__Data provided__
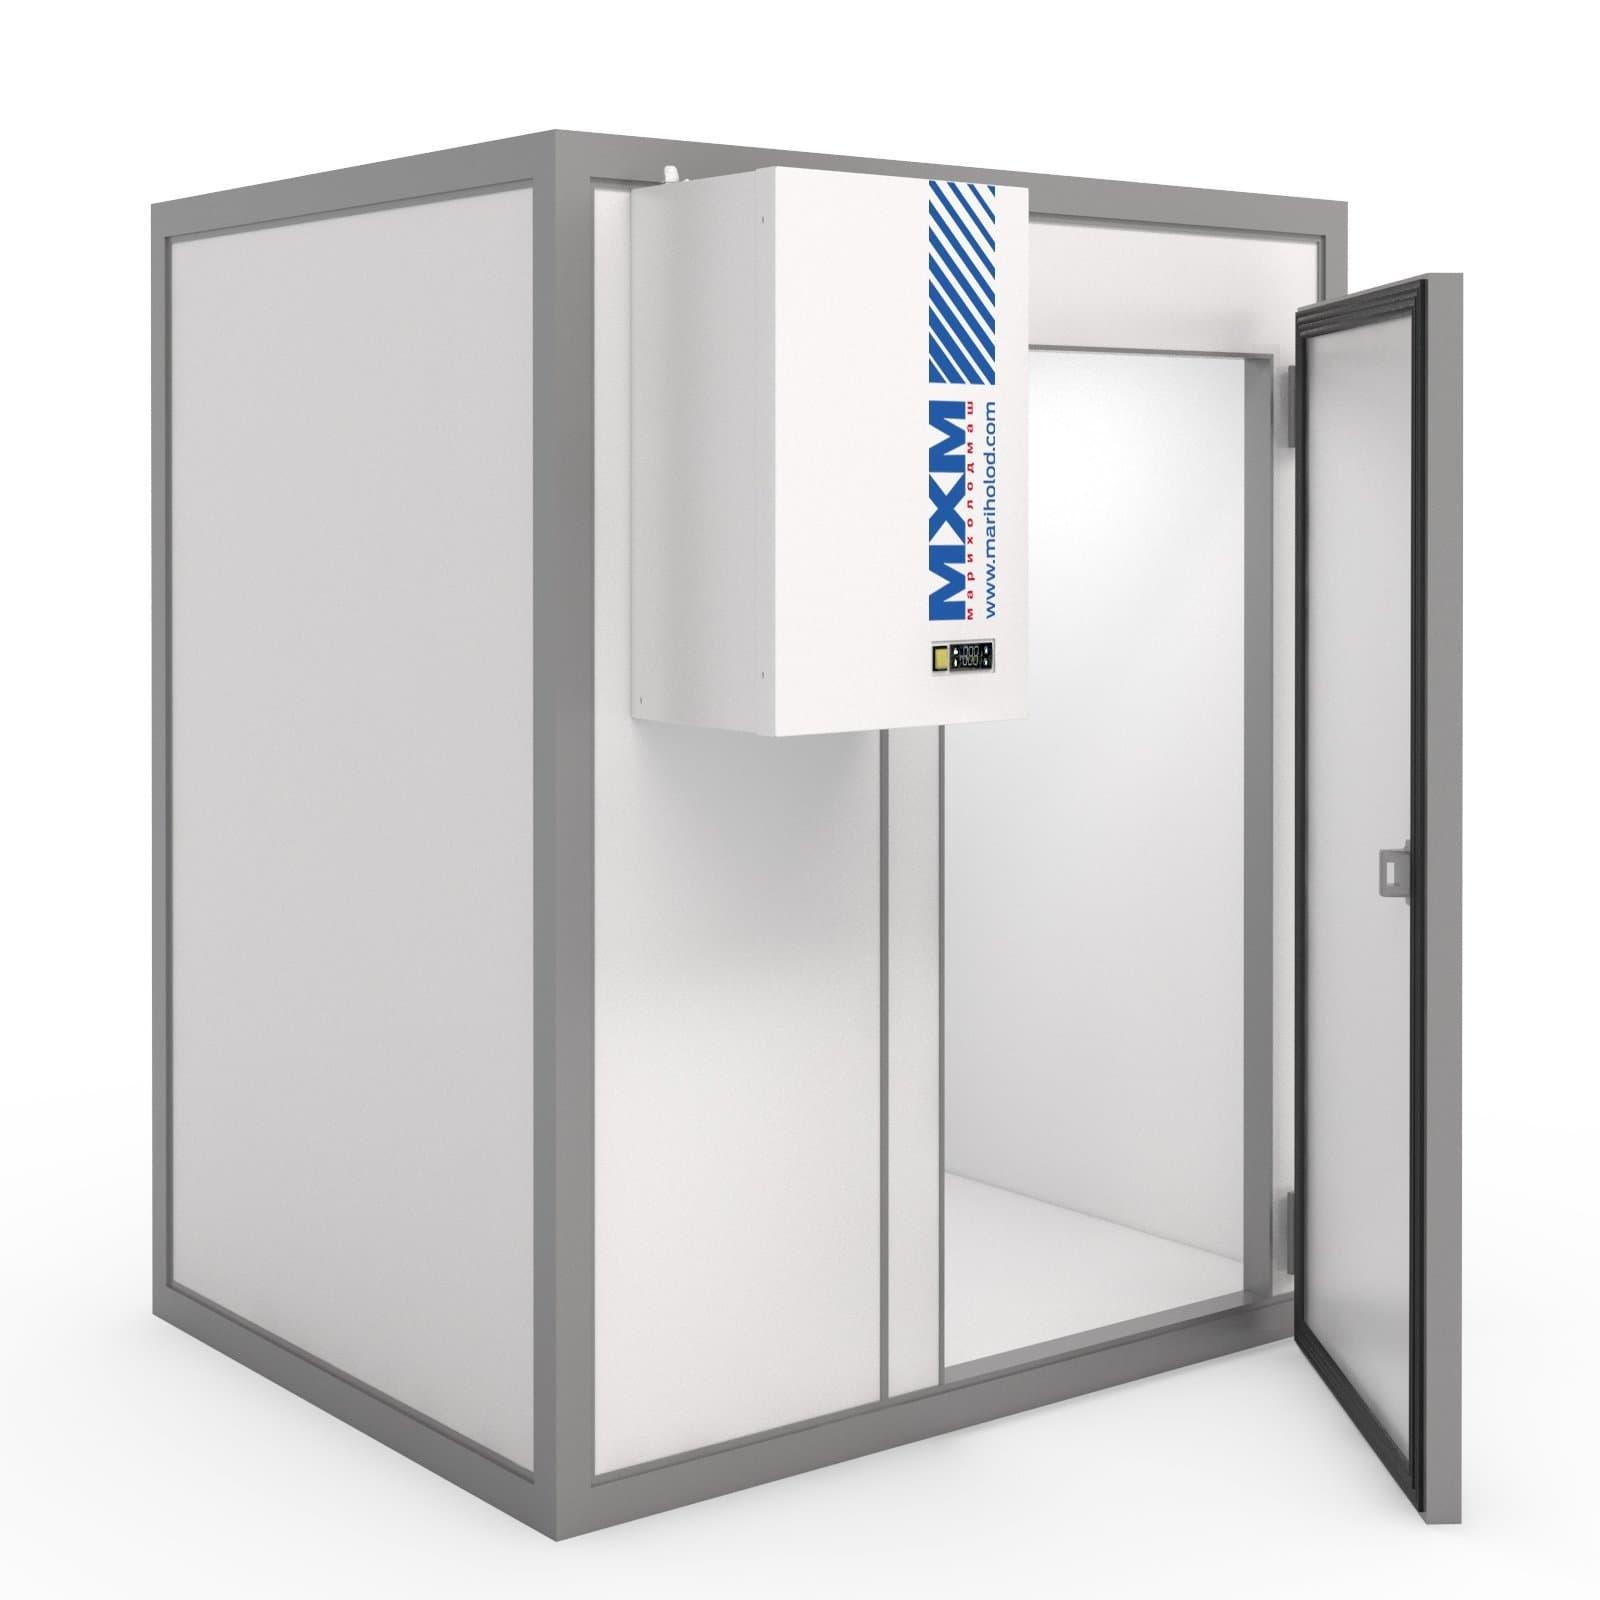 Камера холодильная МХМ КХН-44,71 2560×8260×2460
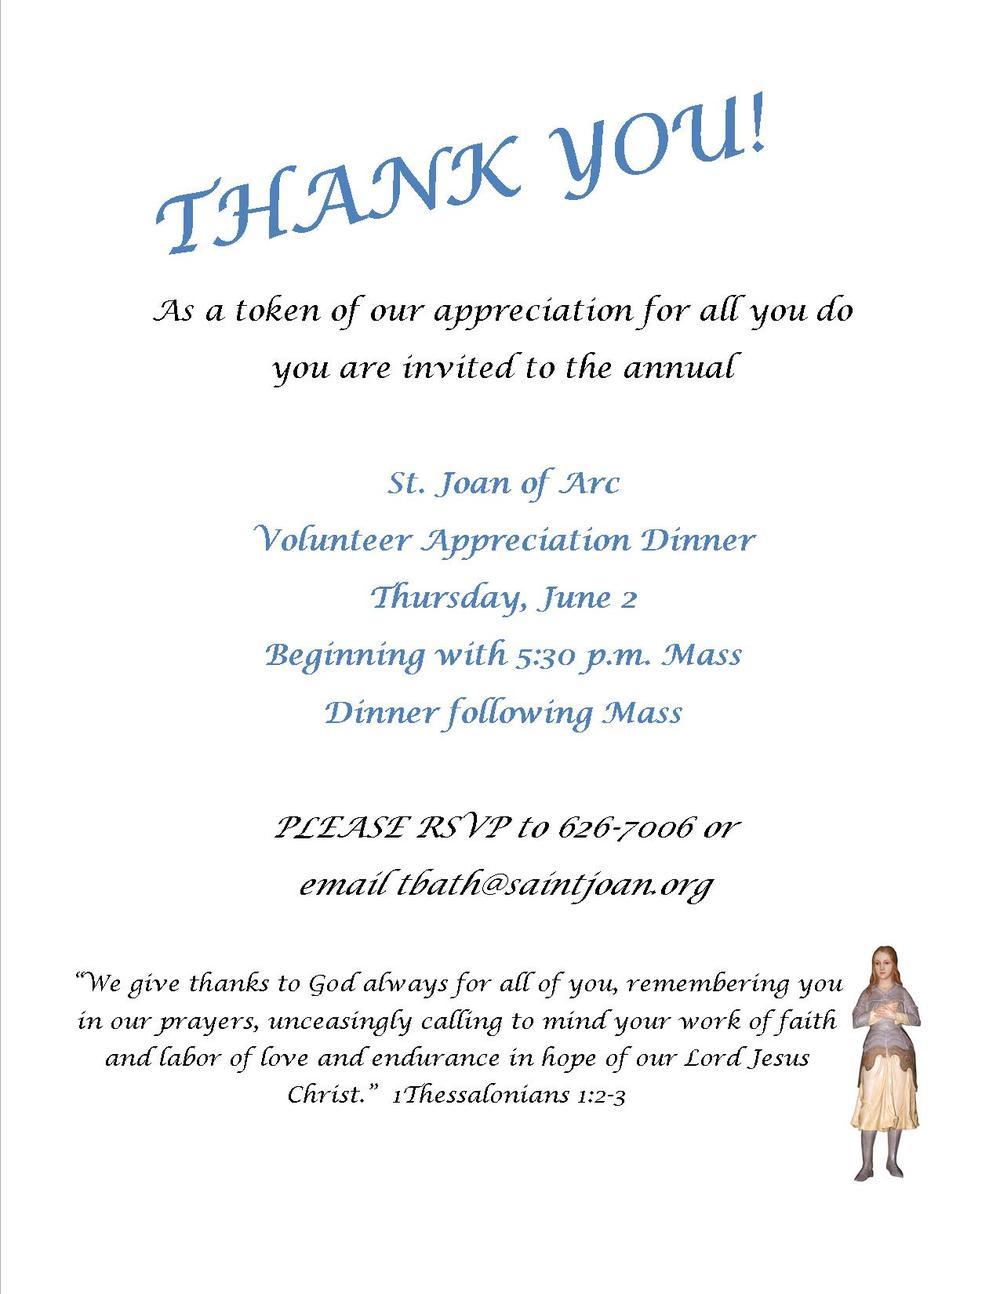 Volunteer Appreciation Dinner Saint Joan of Arc Catholic Church
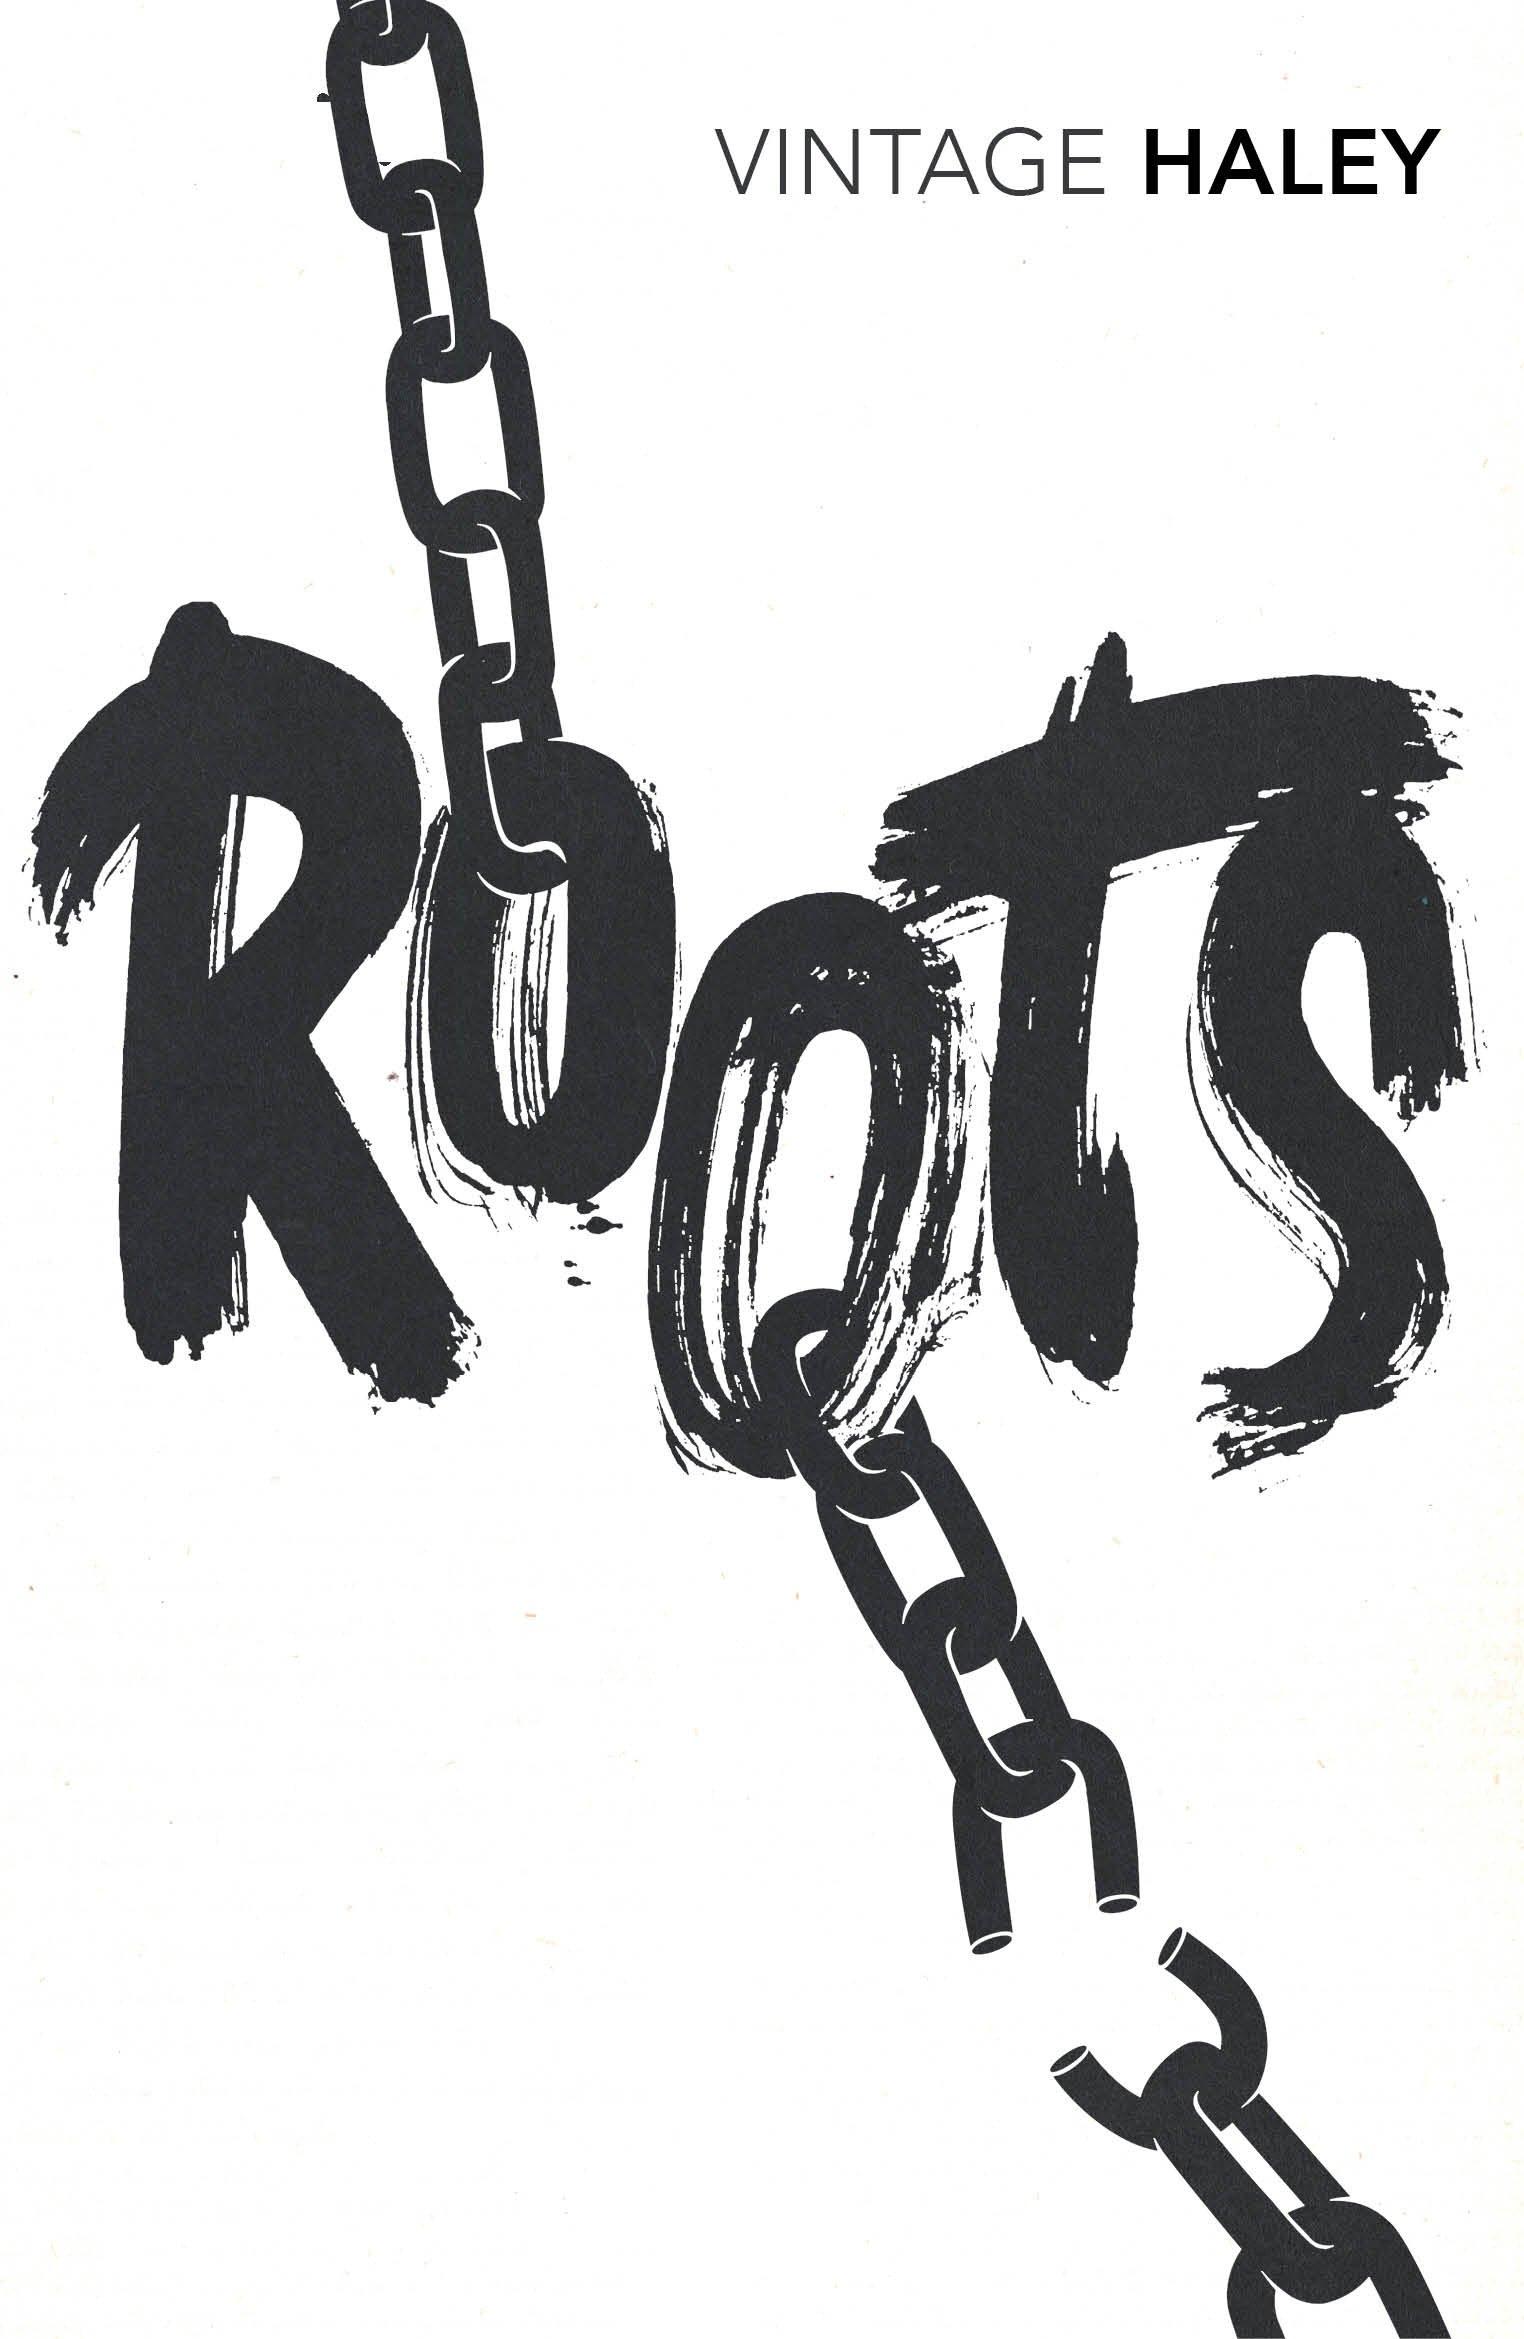 Roots  Amazon.co.uk  Alex Haley  9781784873387  Books f5893b24a2a84
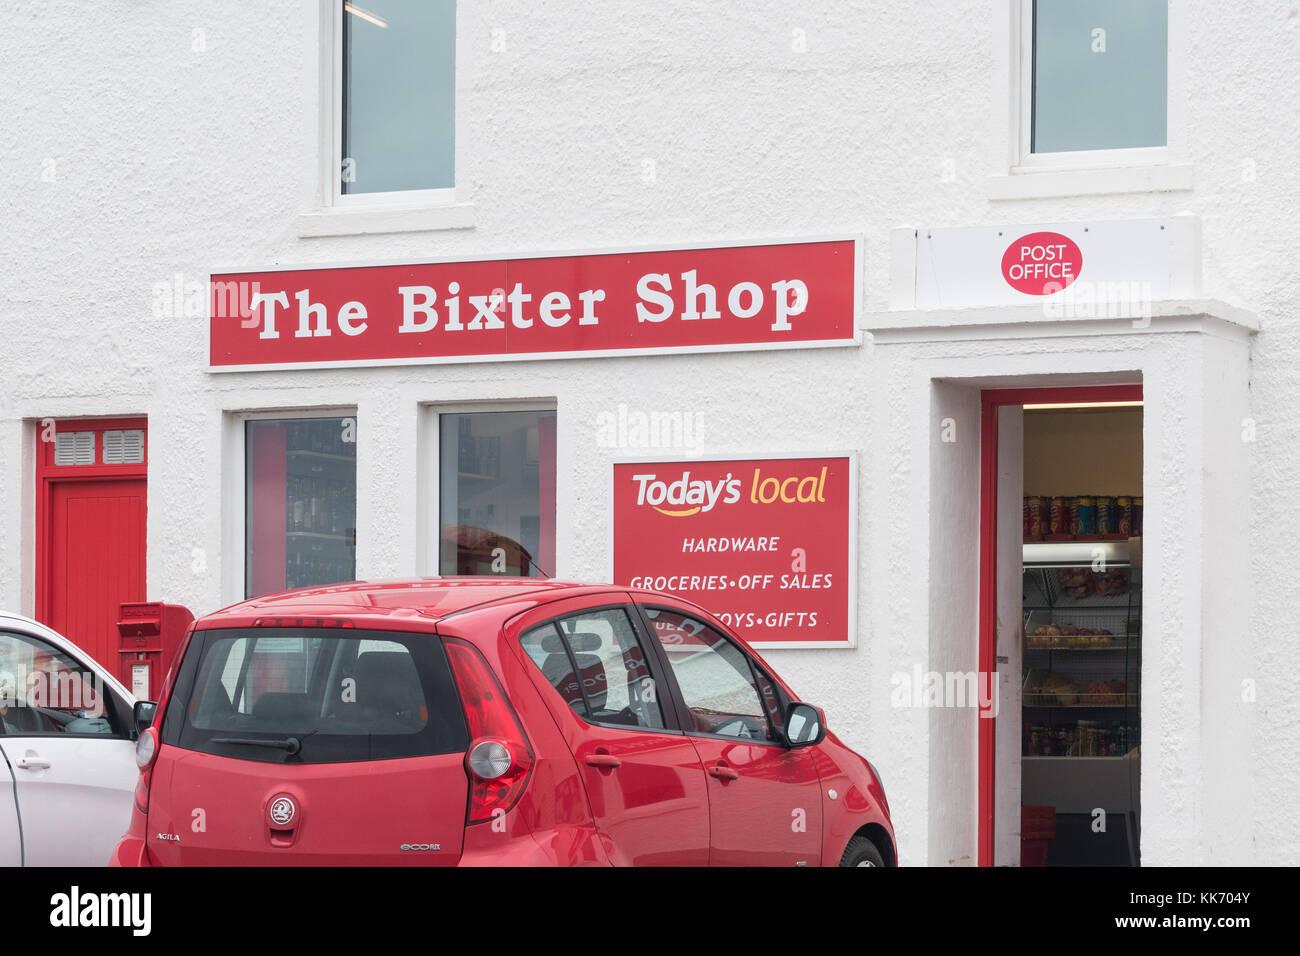 Shetland Islands shop and post office at Bixter, Shetland, Scotland, UK - Stock Image

__The problem__
Skip every picture, and give the rest of the material above again exactly.

__Output below__
 Камера холодильная МХМ КХН-44,71 2560×8260×2460
 Volunteer Appreciation Dinner Saint Joan of Arc Catholic Church
 Roots  Amazon.co.uk  Alex Haley  9781784873387  Books f5893b24a2a84
 Shetland Islands shop and post office at Bixter, Shetland, Scotland, UK - Stock Image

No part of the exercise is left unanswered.